Within the Case Shiller home price indexes, there are now data sets for three different home price tiers for 17 major MSAs. Different home price tiers within the same MSA often behave completely differently as if those markets belonged to different cities thousands of miles away. This presentation explores this strange phenomenon.
4. The Price Tiers have performed very differently The Low Tier has bubbled a lot more than the other two. The Low Tier has corrected a lot more than the other two. The Low Tier has experienced home prices reverting much further back into the past.
5. The correction is getting brutal Those are % drop in home price since the peak (focusing on the top 20). The Low Tier occupies the first five spots and seven of the top 10. Besides tiers, the ranking is dominated by MSAs in California, Nevada, and Arizona on the West Coast and Florida on the East Coast. Those are brutal corrections. 19 of the 20 markets have experienced corrections deeper than – 40% since their respective peak. Those are likely crossing an overcorrection territory.
6. A Blast from the Past The top ranking, Phoenix 1 (Low price tier) has seen its current home prices revert back to their April 1995 level. That’s 14 years ago! Any market that has experienced a reverting back in price to much earlier than 2002 is likely to be in an overcorrection mode because the housing bubble had not picked much hot air yet. This does not mean such markets can’t correct much more as they may be affected by large excess supply and other negative macroeconomic factors.
7. Bubble Peak (January 2000 = 100) For Miami 1 (low tier) home prices had increased by 241% (calculation: (341 – 100)/100 = 241%) between January 2000 and the peak of the Bubble. Again, the rankings are dominated by the low price tier and by the same geographic regions.

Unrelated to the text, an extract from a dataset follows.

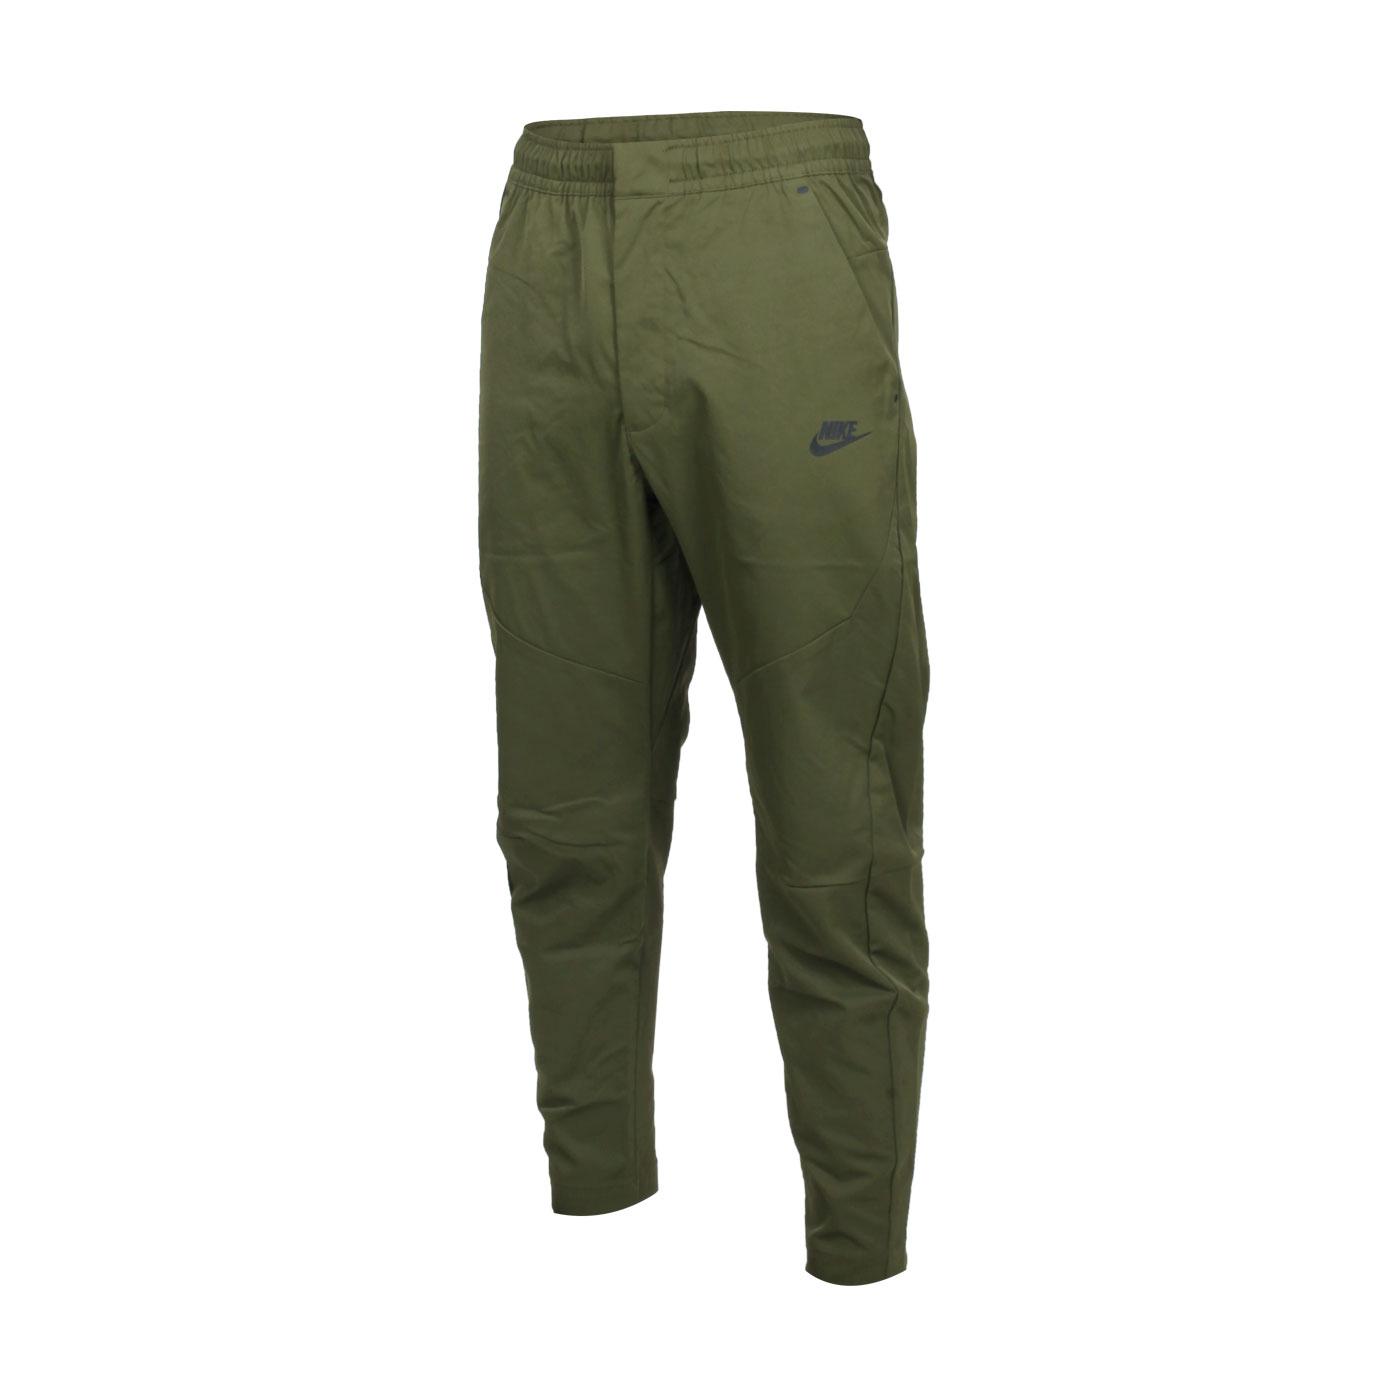 NIKE 男款休閒長褲 DH4225-326 - 軍綠黑

9. Difference between price tier narrative We are looking at the distance between the high price tier and the low price tier for the 17 MSAs. The first row shows that for San Francisco the low price tier prices have reverted 3.7 years further back than for the high price tier. Similarly, the low price tier had bubbled 84.8 percentage points more than the high price tier, and it corrected 34.4 percentage points more than the high price tier. The columns to the right convert all these different dimensions in # of standard deviations. We then summed the standard deviations for all three variables. And, we derived that (as defined) the distance between the low price tier and high price tier for San Francisco was 7.85 standard deviations. For Seattle it was only 0.9 standard deviations. All other MSAs fall in between those two values. The above entails that from a real estate performance standpoint some MSA tiers are more closely affiliated to completely different regions than their other price tiers (within same MSA). This is certainly the case for San Francisco. However, for some other MSAs the three price tiers are a lot more cohesive. Such is the case for Seattle.
10. Cluster Analysis Seven Regions or Clusters We ran our 51 markets (17 MSAs x 3 tiers) through a cluster algorithm (XLStat k-mean clustering) using the three variables (Bubble peak price, correction in % since peak, price reverting to previous date). It grouped the 51 markets in seven different clusters as shown below. As you can see only cluster 7 is homogeneous geographically with 6 markets in Portland and Seattle all in the Northwest. All other clusters are a mixed bag of different geographic locations.
11. Cluster Analysis (continued) See how Portland, Seattle, New York, and Tampa are homogenous as all three price tiers are within a same cluster for those MSAs. On the other hand, Phoenix, San Francisco, and Los Angeles are heterogeneous as each of their price tiers are in different clusters. Those findings correlate somewhat (not perfectly) to our findings of statistical distance between tiers within the same MSA (slide 8).
12. Bubble Peak vs Correction since Peak There is obviously a fairly strong negative correlation between how much a market bubbled and how much it corrected.
13. Bubble Peak vs Correction since Peak LA 1 & Miami 1 are closer to each other than their other price tiers. SF 3 is closer to Chic 1 & 2 than SF 1 & SF 2 As shown, there are numerous examples where a specific MSA price tier is a lot closer to other MSAs than its own MSA other two price tiers.
14. Price reverting backward vs Correction There is also a negative correlation between the two variables here.
15. Price reverting backward vs Correction LA 1 & Miami 1 are closer to each other than their other price tiers. SF 1 is closer to Phoenix 2, Miami 1, LV 2 than to its other price tiers. Price tiers often trumps geography.